Time travel facts and trivia

  1. We live in a four dimensional world – length, width, height and time
  2. The faster you move through space, the slower you move through time — you age more slowly, in other words. 
  3. One of the key ideas in relativity is that nothing can travel faster than the speed of light — about 186,000 miles per second, or one light-year per year. 
  4. But you can get very close to it. If a spaceship were to fly at 99% of the speed of light, you’d see it travel a light-year of distance in just over a year of time.
  5. Astronauts travel fast (16,150 mph) so they age milliseconds slower than everyone else back on earth.
  6. We are all traveling in time at approximately the same speed: one second per second.
  7. NASA’s space telescopes also give us a way to look back in time. Telescopes help us see stars and galaxies that are very far away . It takes a long time for the light from faraway galaxies to reach us. So, when we look into the sky with a telescope, we are seeing what those stars and galaxies looked like a very long time ago.
  8. Stephen Hawking had a party for time travelers but did not send out invitations until after the party already happened – no one showed up.
  9. John Titor claims to be a time traveler from the year 2036. He was traveling back to the year 1975 to retrieve an IBM computer to save the world from a computer virus and stopped by in the year 2000 on the Internet to say hello and check in.

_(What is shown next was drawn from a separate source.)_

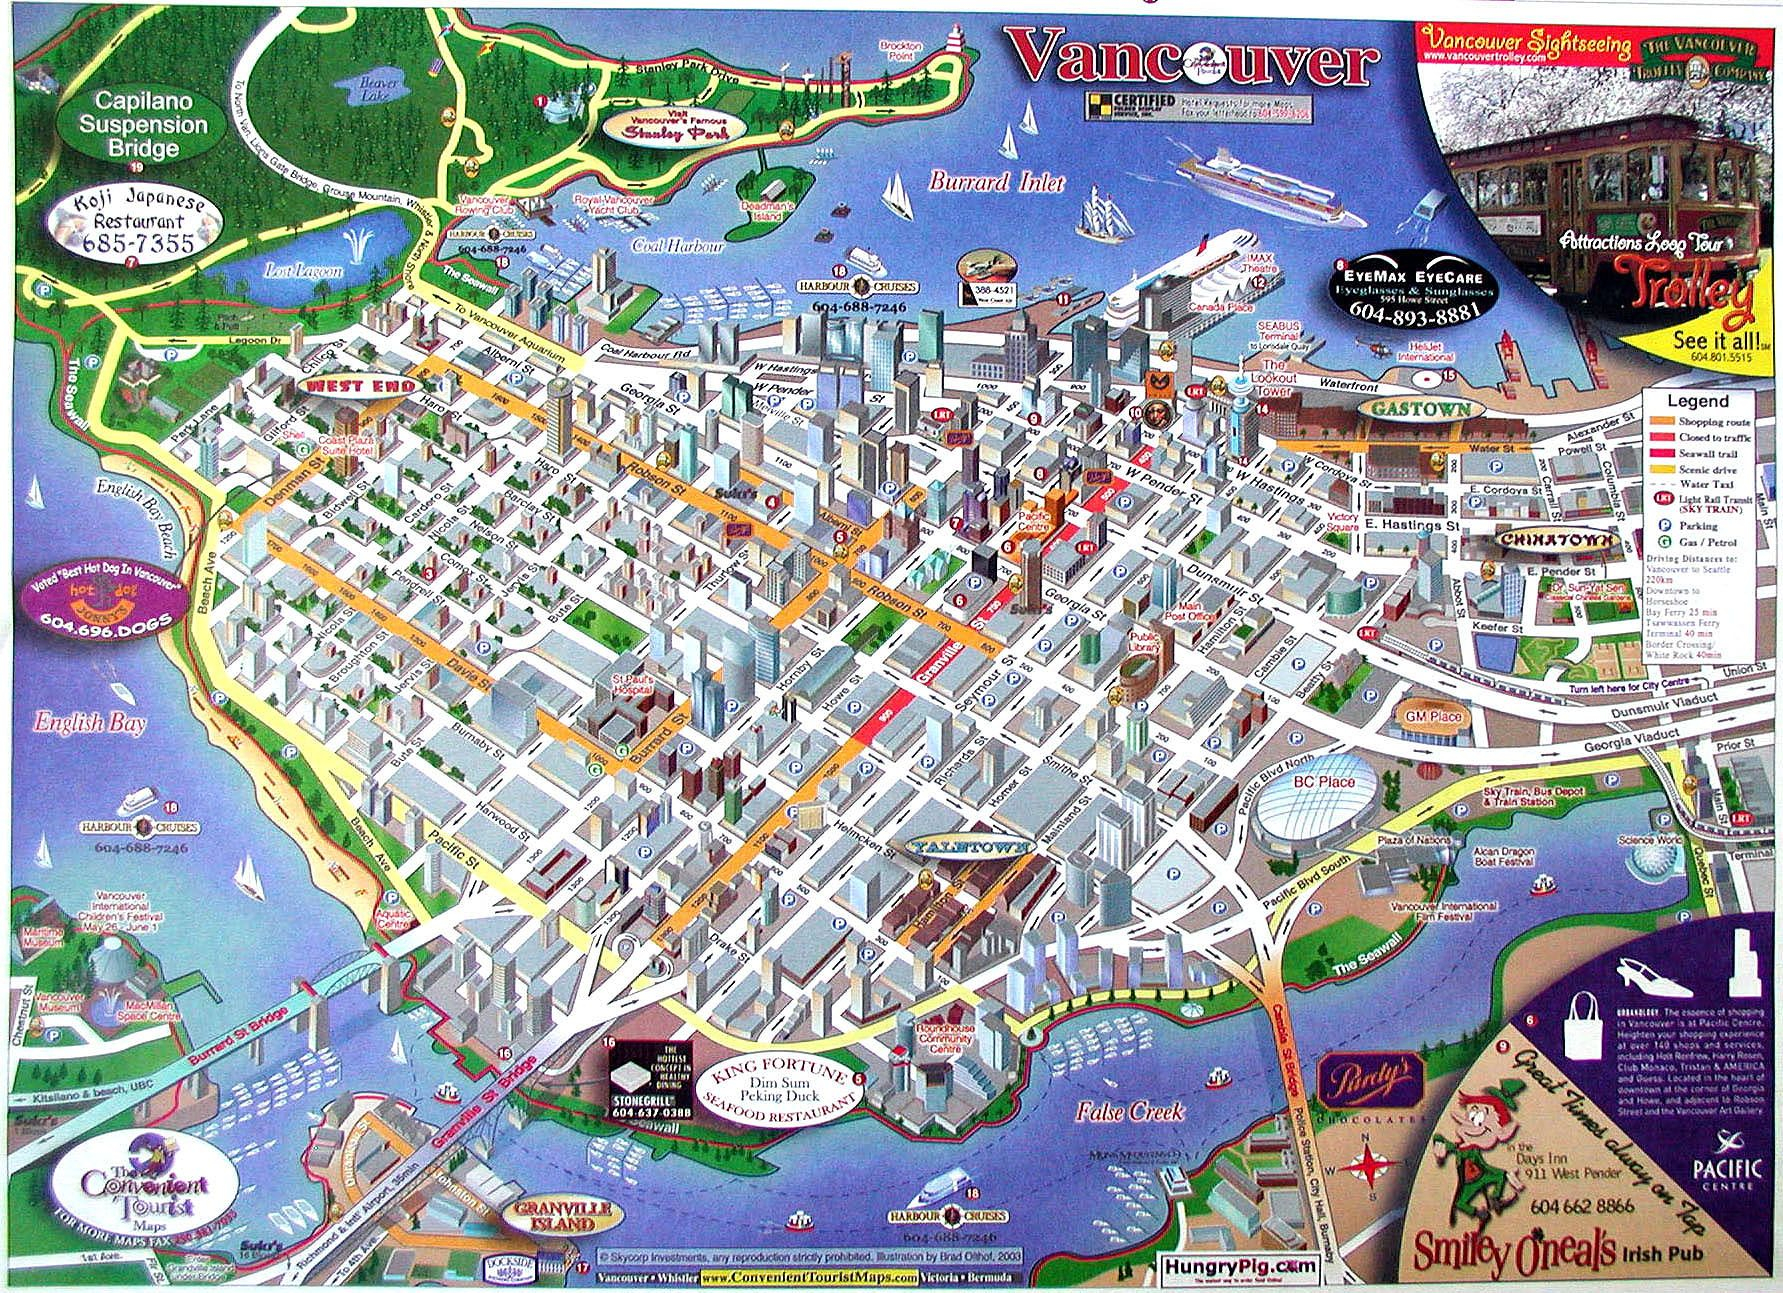 Vancouver Downtown Map Vancouver BC Vancouver Map 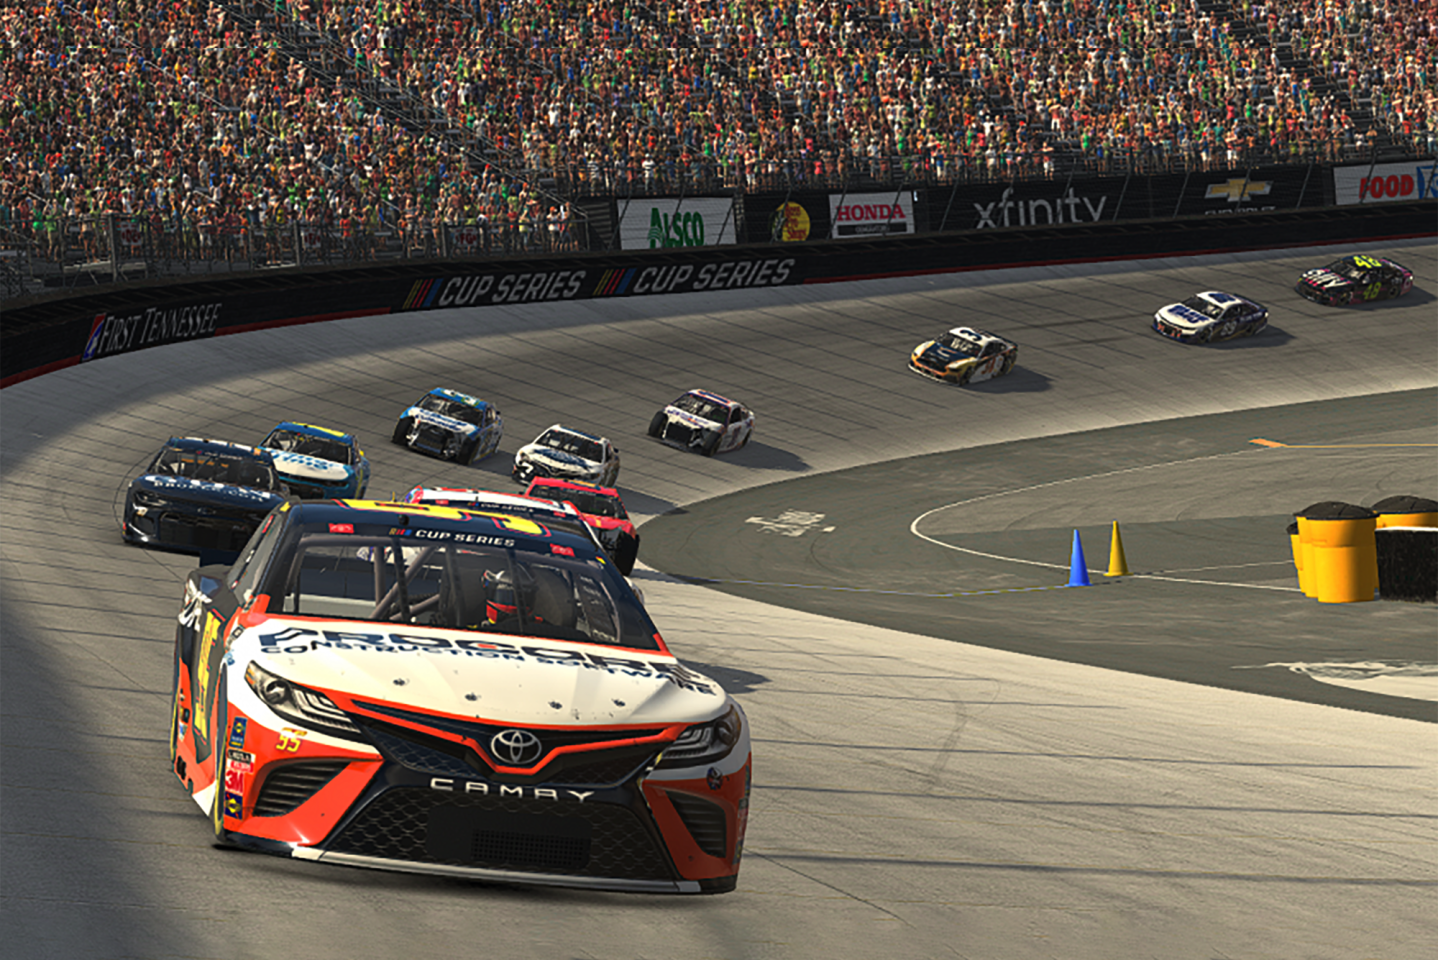 The eNASCAR iRacing Pro Invitational Series moves to virtual Richmond Raceway for the Toyota Owners 150 presented by Toyota, just as was originally planned for the real world series prior to lockdown

Time travel jokes and puns:

  1. If I had a DeLorean…I’d probably only drive it from time to time.
  2. I’m tempted to take up time travel, but I’m not sure there’s any future in it.
  3. I was going to tell a joke about time travel but nobody laughed.
  4. How can you tell when your clock is hungry? It goes back four seconds.
  5. Why should you never believe a clock? It’s usually second hand information.
  6. Q: Why do they pick the weekend for Daylight Saving Time changes?
    A: Because the other days are weak days.